Some of the sub-categories that may be included under the revenue account include sales discounts account, sales returns account, interest income account, etc. Make sure that your line items have titles that make sense to you and your accountant, so use straightforward titles like ‘bank fees’, or ‘bottling equipment’. The account name is the given title of the business account you’re reporting on, such as bank fees, cash, taxes, etc. There are a few things that you should keep in mind when you are building a chart of accounts for your business.
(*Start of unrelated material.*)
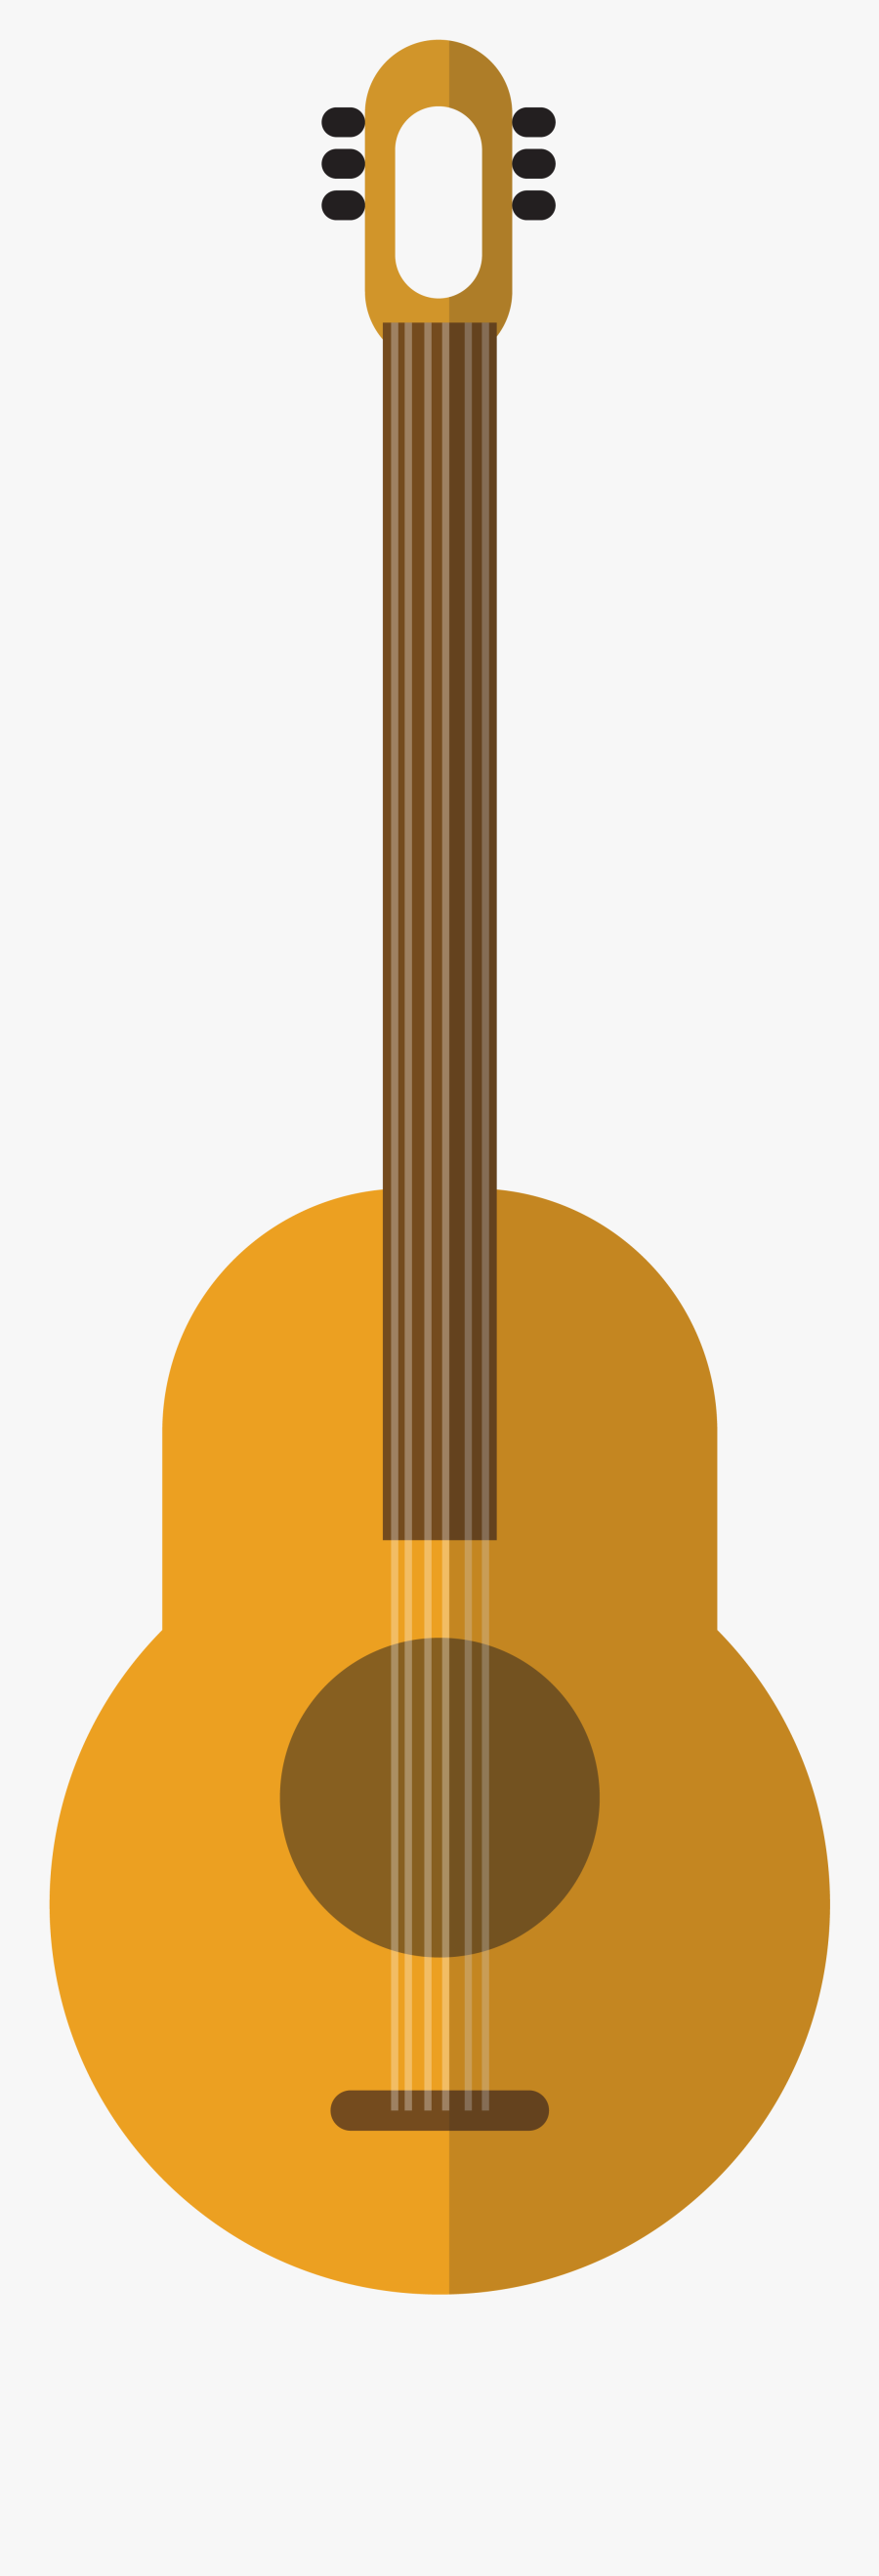 Acoustic Guitar Ukulele - Guitar Png Vector, Transparent Clipart

As you can see, each account is listed numerically in financial statement order with the number in the first column and the name or description in the second column. Of crucial importance is that COAs are kept the same from year to year.

  1. It also helps managers plan budgets and see which business areas are making money and which might need extra attention.
  2. If you don’t give your chart of accounts the early love it deserves, you may regret it.
  3. Well, this should be listed between the cash and accounts receivable in the chart, but there isn’t a number in between them.
  4. Now, the trial balance (the summary of all account balances) checking account balance reflects $125,453 at the end of May which is included in the financial statements.

How can a chart of accounts be used in financial reporting?

The remaining two are income or revenue and expenses, which flow into the income statement. Some businesses also include capital and financial statement categories. There are five main account type categories that all transactions can fall into on a standard COA. These are asset accounts, liability accounts, equity accounts, revenue accounts, and expense accounts.

Now, the trial balance (the summary of all account balances) checking account balance reflects $125,453 at the end of May which is included in the financial statements. Below, I explain what a chart of accounts is and how you will use it in bookkeeping and accounting. The chart of accounts is a list of every account in the general ledger of an accounting system. Unlike a trial balance that only lists accounts that are active or have balances at the end of the period, the chart lists all of the accounts in the system. It doesn’t include any other information about each account like balances, debits, and credits like a trial balance does. Without a chart of accounts, it’s impossible to know where your business’s money is.

She would then make an adjusting entry to move all of the plaster expenses she already had recorded in the “Lab Supplies” expenses how does batch size affect training account into the new “Plaster” expenses account. Instead of recording it in the “Lab Supplies” expenses account, Doris might decide to create a new account for the plaster. However, they also must respect the guidelines set out by the Financial Accounting Standards Board (FASB) and generally accepted accounting principles (GAAP). To make it easy for readers to locate specific accounts or to know what they’re looking at instantly, each COA typically contains identification codes, names, and brief descriptions for accounts.